Вам придется выдержать предисловие к моему ответу, дорогой друг. Вам известно, что свет прожекторов, который направляют нам в лицо, нередко больше ослепляет наше окружение, чем нас самих, а это означает, что у других я вызывала большее восхищение, чем у самой себя; поверьте, от этого я не испытываю ни малейшей гордости, но так уж оно есть. Кроме множества сердечных увлечений, кроме завладевших мною позже страстей к двух мужчинам, за которых я вышла замуж и на которых мне и смотреть-то не следовало, у меня было несколько разочарований, но большая любовь выпадала крайне редко. Шарль Хаас был такой любовью. Под любовью я подразумеваю чувство, которое испытываешь, и понимаешь, почему его испытываешь, и можешь только одобрить то, что чувствуешь. У Шарля Хааса было все, даже если не принимать во внимание его неотразимое очарование – и как некоторые общеизвестные истины, неоспоримое, Шарль Хаас обладал вкусом, благородством, добрым сердцем, смелостью, элегантностью по всем статьям и с головы до ног. На мой взгляд, у него был лишь один недостаток – это пристрастие к светской жизни и скучным людям, от которого он не мог избавиться и которое заставляло его мчаться в любой час дня и ночи в наводящие тоску аристократические салоны.

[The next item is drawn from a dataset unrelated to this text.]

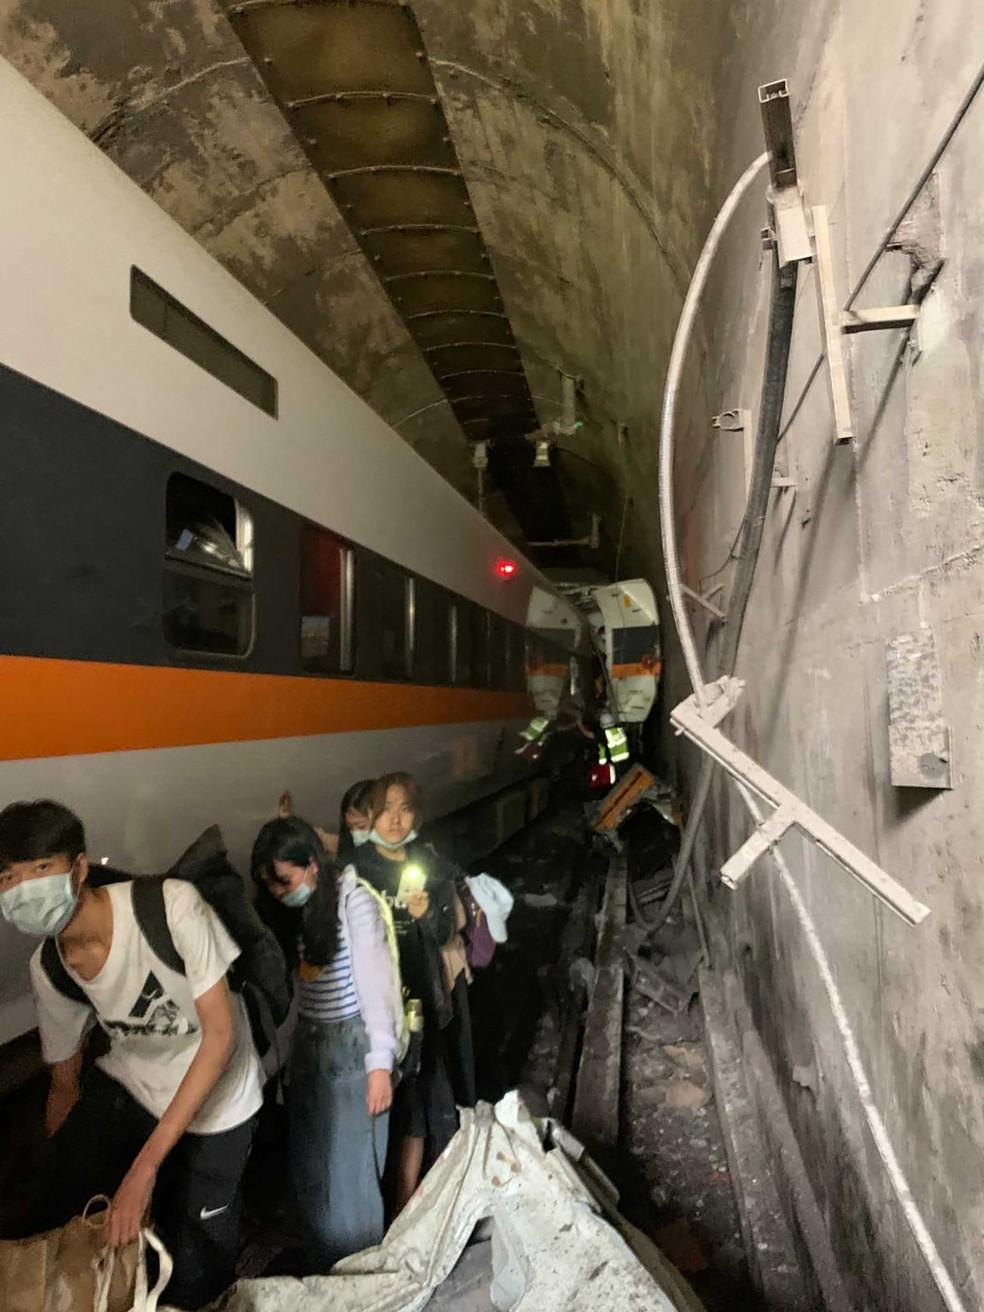 Equipes de resgate ajudam passageiros em trem descarrilado em Taiwan — Foto: Departamento Nacional de Bombeiros / via AP Photo
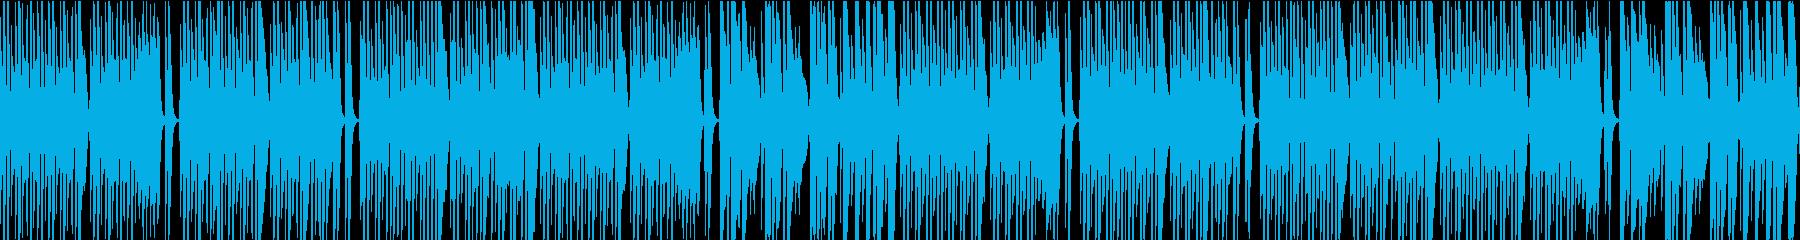 メロディの少ない可愛いポップス(ループ版の再生済みの波形

Но мне это ничуть не мешало, у меня была своя собственная жизнь, и как только мы вновь оставались наедине, наши разговоры и смех выдавали людей одной породы. У нас даже глаза были почти одинакового цвета, того же цвета волосы, та же осанка; нас объединяло общее пристрастие к чрезмерности и к иронии. Боюсь только, он был более образован и умен, чем я. Я не могла удержаться, чтобы чуточку не играть с ним, не актерствовать, не кокетничать, не расставлять ловушки, а он не мог удержаться от желания дать мне понять, что видит их, различает и отвергает. Из-за этого порой у нас случались честолюбивые споры и даже скверные ссоры, которым не место было в наших отношениях и которые, признаюсь, зачастую происходили по моей вине.

А дело вот в чем: кроме того, что я его любила и ценила данный ему от природы ум, иногда мне очень хотелось, чтобы он поглупел от любви. И когда он смеялся над моими уловками, я предпочла бы, чтобы он кричал. Нельзя заполучить сразу все: равного себе человека, друга, любовника, сообщника (а порой и его любовь). Нельзя заполучить все это и еще претендовать на то, чтобы оно длилось довольно продолжительное время. От равенства устаешь. В любви есть соотношение силы, которое хочется изменить или углубить, без чего тот или другой томится. Первым заскучал Шарль, не я. Я ужасно страдала, но не от его ухода, ибо в действительности он никогда не покидал меня, – так вот, не от его ухода, а от его отчужденности.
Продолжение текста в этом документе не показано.